- [Dataset content]:

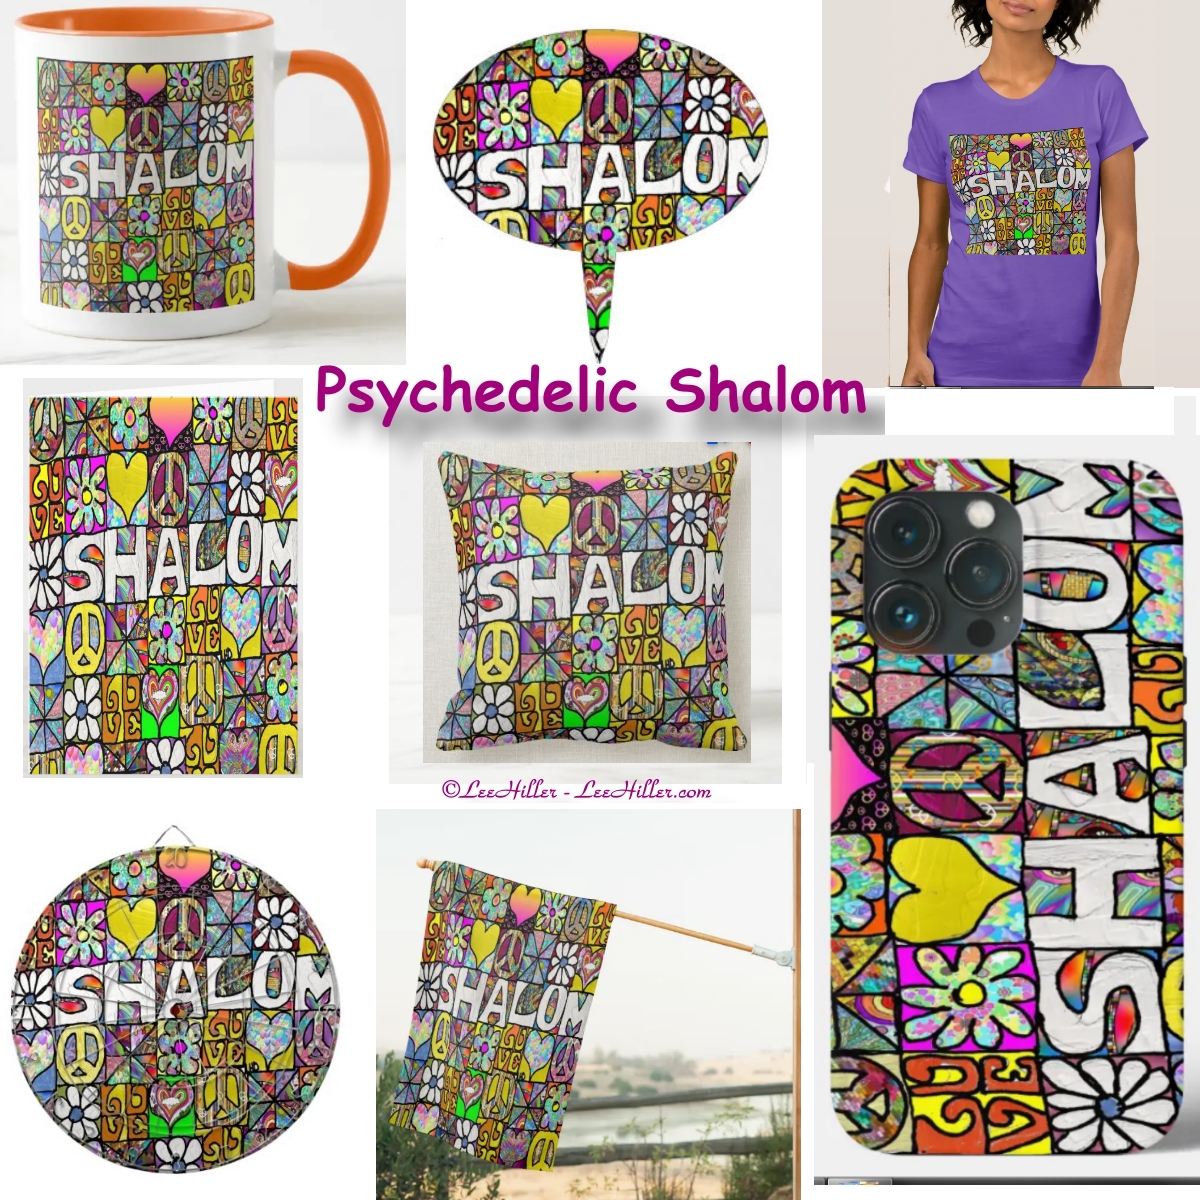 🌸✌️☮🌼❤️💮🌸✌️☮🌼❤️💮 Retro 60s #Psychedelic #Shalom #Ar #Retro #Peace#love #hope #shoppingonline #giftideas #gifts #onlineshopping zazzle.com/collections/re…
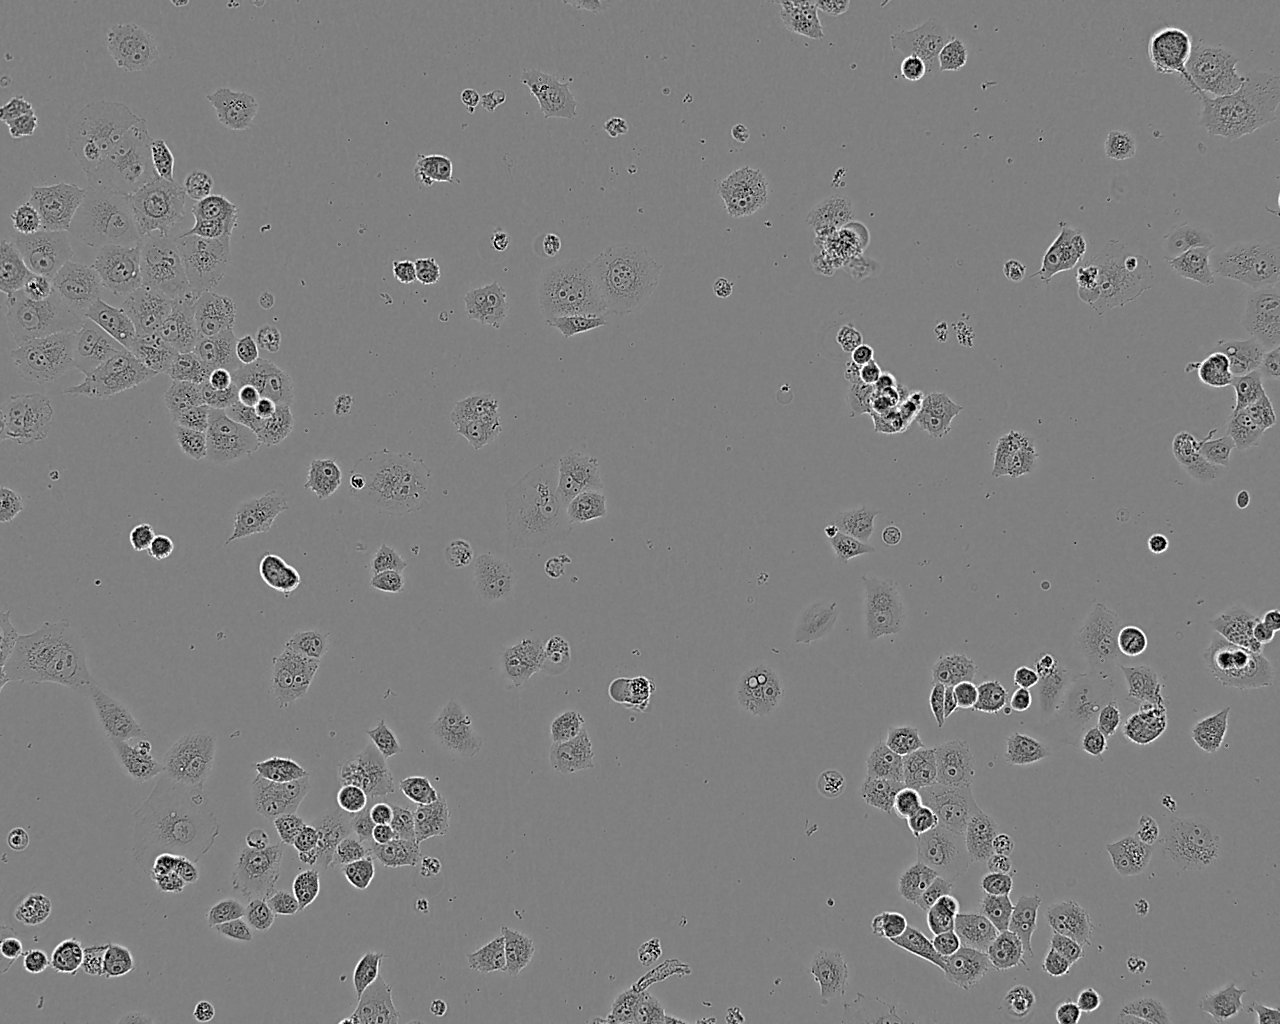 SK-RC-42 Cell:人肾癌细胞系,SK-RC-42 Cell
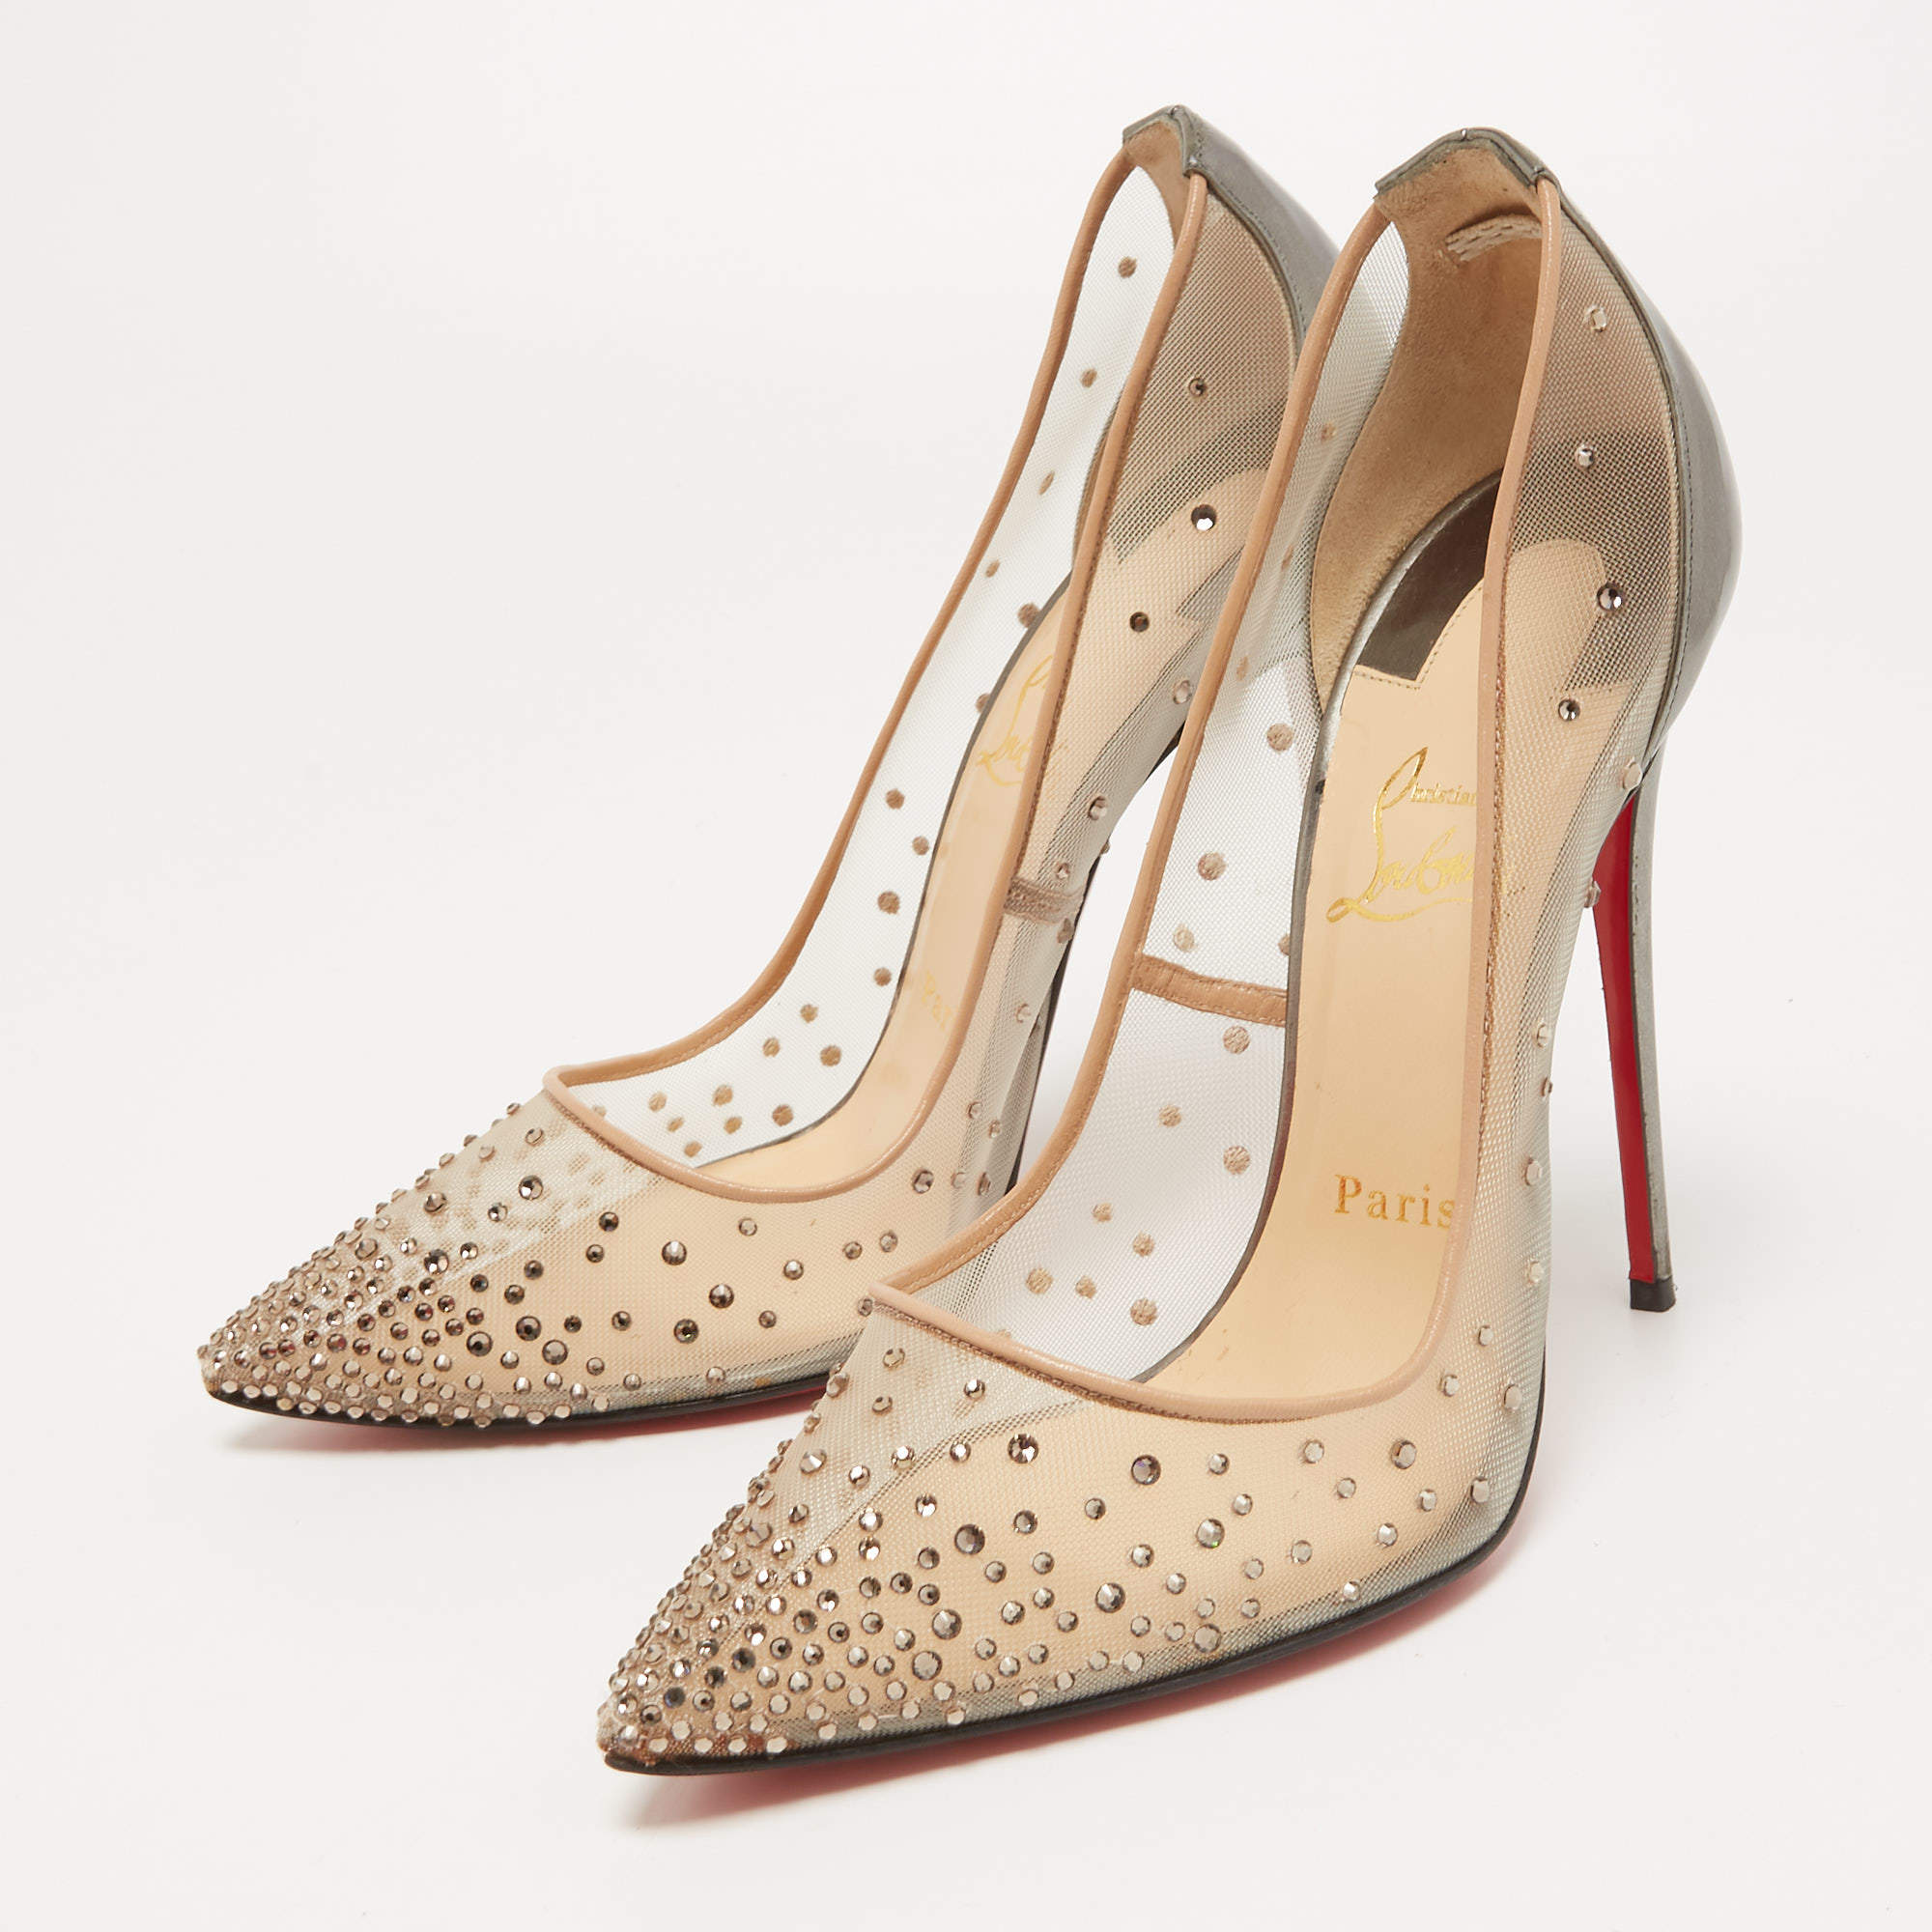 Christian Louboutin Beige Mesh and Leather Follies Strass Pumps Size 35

- [Exercise details]: For this exercise, output only the lines from the one bearing "SK-RC-42 Cell:人肾癌细胞系,SK-RC-42 Cell" to the end of the material above, exactly as written, with pictures left out.

- [Problem solution]:
 SK-RC-42 Cell:人肾癌细胞系,SK-RC-42 Cell
 Christian Louboutin Beige Mesh and Leather Follies Strass Pumps Size 35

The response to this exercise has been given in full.